Below, we fit a model with the interaction and make a coplot of the fitted and actual values.
We see that with the interaction, the slope of the fit below tensile strengh of 180 changes with hardness (steepest for the lowest values of hardness, shallowest for the highest hardnesses).
rubber.rlm = rlm(abrasion.loss ~ hardness * ts.low, data = rubber, psi = psi.bisquare)
coplot_hardness = coplot_hardness %>% mutate(interval_mean = get_interval_means(interval))
rubber.grid.final = expand.grid(hardness = unique(coplot_hardness$interval_mean),
tensile.strength = c(125, 180, 240)) %>% data.frame
rubber.grid.final = rubber.grid.final |> mutate(ts.low = tslow(tensile.strength))
rubber.predict.final = augment(rubber.rlm, newdata = rubber.grid.final)
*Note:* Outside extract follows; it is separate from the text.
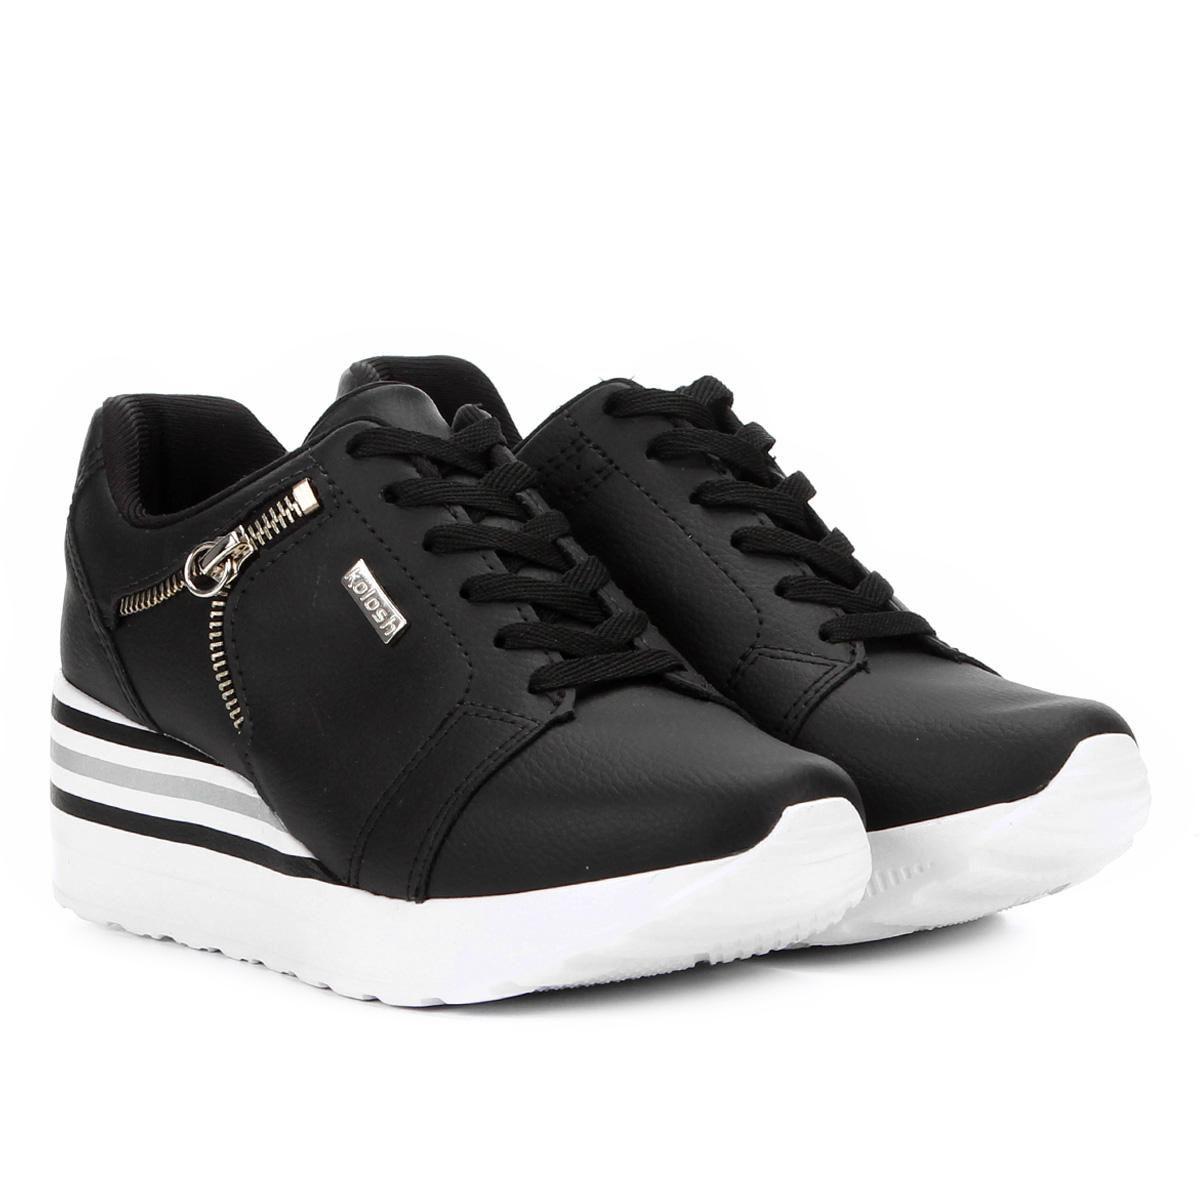 Tênis Kolosh Sneaker Anabela Zíper Lateral Feminina C1402  - Ian Calçados

rubber.predict.final = merge(rubber.predict.final,
unique(coplot_hardness[,c("interval", "interval_mean")]),
by.x = "hardness", by.y = "interval_mean")
ggplot(coplot_hardness, aes(x = tensile.strength, y = abrasion.loss)) +
geom_point() +
geom_line(aes(x = tensile.strength, y = .fitted), data = rubber.predict.final) +
facet_wrap(~ interval, ncol = 4) +
scale_y_continuous("Abrasion loss") +
scale_x_continuous("Tensile strength")